Images → Detection (OpenCV) → Clustering (K-Means) → Spatial Analysis (ANN)
Built for researchers who need to process large collections of archaeological photographs and extract quantitative data about artifact types and distribution without manual annotation.

How it works

1

Object Detection

Images are converted to HSV color space. Color-based thresholding isolates artifact regions. Morphological operations clean noise. OpenCV findContours identifies object boundaries and extracts geometric features: area, perimeter, centroid, circularity, and aspect ratio.
2

K-Means Clustering

Extracted features are normalized and fed into K-Means clustering. The elbow method automatically determines the optimal number of clusters (K) by analyzing within-cluster sum of squares (WCSS). Each artifact is assigned to a cluster based on feature similarity.
3

Spatial Analysis

The Average Nearest Neighbor (ANN) index computes the ratio of observed vs. expected mean nearest-neighbor distances. ANN < 1 indicates clustering, ANN > 1 indicates dispersion, ANN ≈ 1 indicates random distribution. Results export to GeoJSON for use in QGIS.

Key features

Color segmentation

HSV-based segmentation isolates artifacts by color.
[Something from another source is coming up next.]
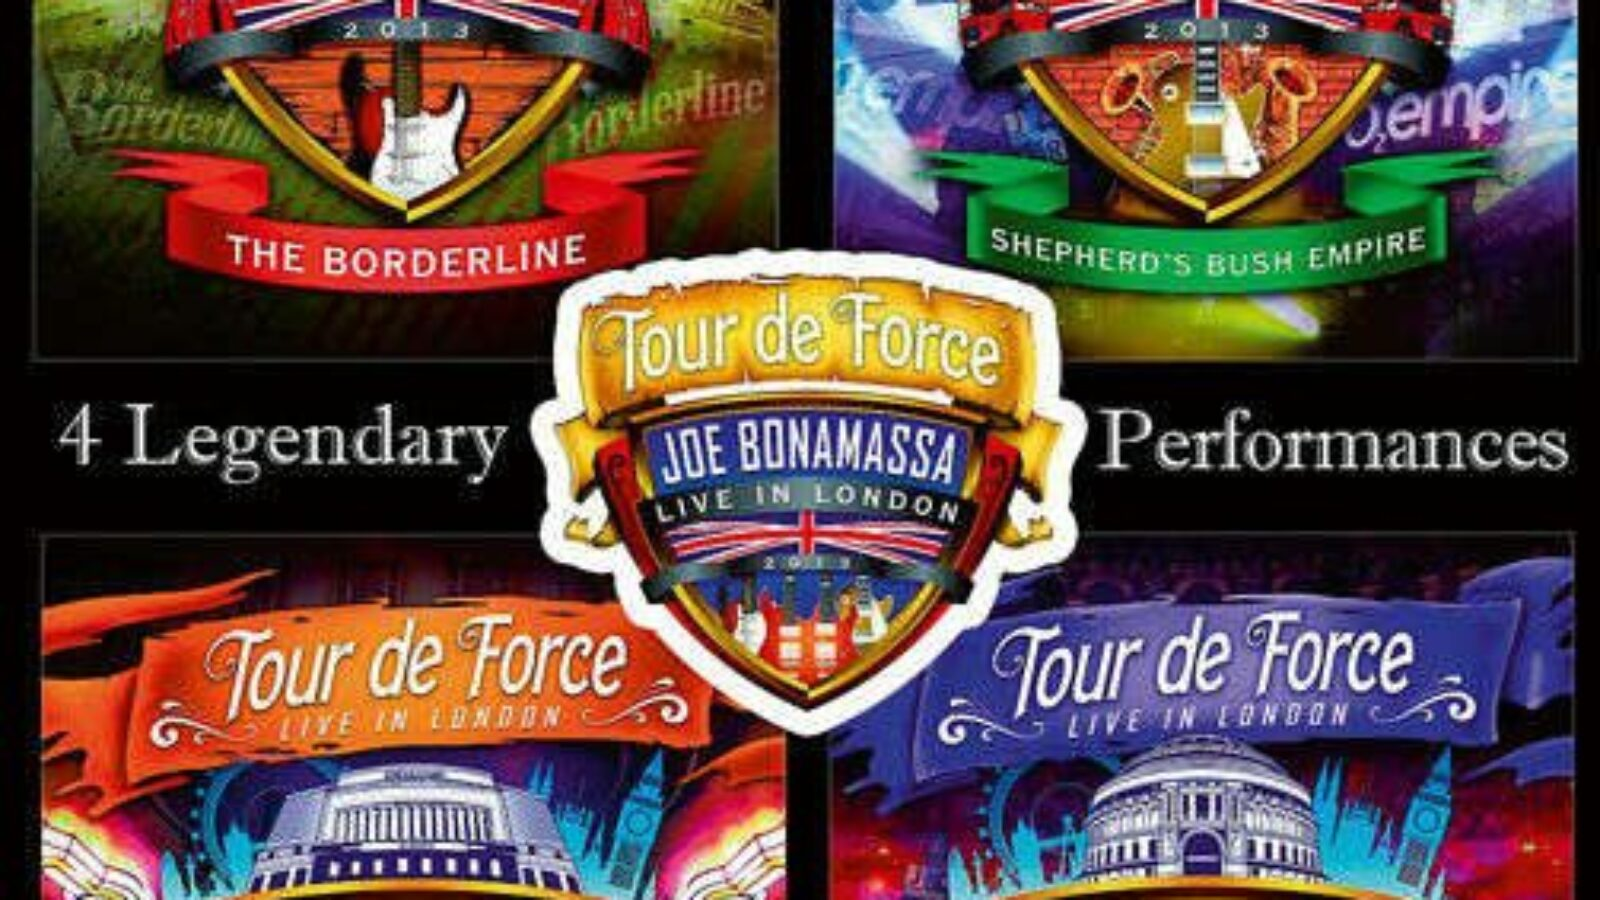 JOE BONAMASSA – Tour De Force (DVD/Blu-ray)

Configure the target color with any hex value to match ceramic fragments, stone tools, or other materials.

Automatic K selection

The elbow method and WCSS analysis automatically determine the optimal number of clusters — no manual tuning required.

Spatial statistics

Average Nearest Neighbor (ANN) index quantifies whether artifacts cluster, disperse, or distribute randomly across an excavation site.

GeoJSON export

Results export as GeoJSON for direct import into QGIS and other GIS tools for further spatial analysis.

Session management

Each analysis run is stored in a named session directory. Revisit, compare, and manage previous results without re-running the pipeline.

Python API

Every CLI command has a corresponding Python class. Use ObjectDetector, KMeansAnalyzer, and run_spatial_analysis directly in your scripts.

Quick example

# Install
git clone https://github.com/keviingarciah/archeo-cluster.git
cd archeo-cluster
uv sync

# Run the full pipeline
./run-cli pipeline --input-dir ./dataset --color "#A98876"
from archeo_cluster.core.detection import ObjectDetector
from archeo_cluster.core.clustering import KMeansAnalyzer
from archeo_cluster.models import DetectionConfig, ClusteringConfig

# Detect artifacts
config = DetectionConfig(target_color="#A98876", min_area=50, max_area=5000)
detector = ObjectDetector(config)
results = detector.process_directory("./dataset", "./output")

# Cluster by feature similarity
analyzer = KMeansAnalyzer(ClusteringConfig(max_k=10))
clusters = analyzer.process_features_csv("./output/features.csv", "./clusters")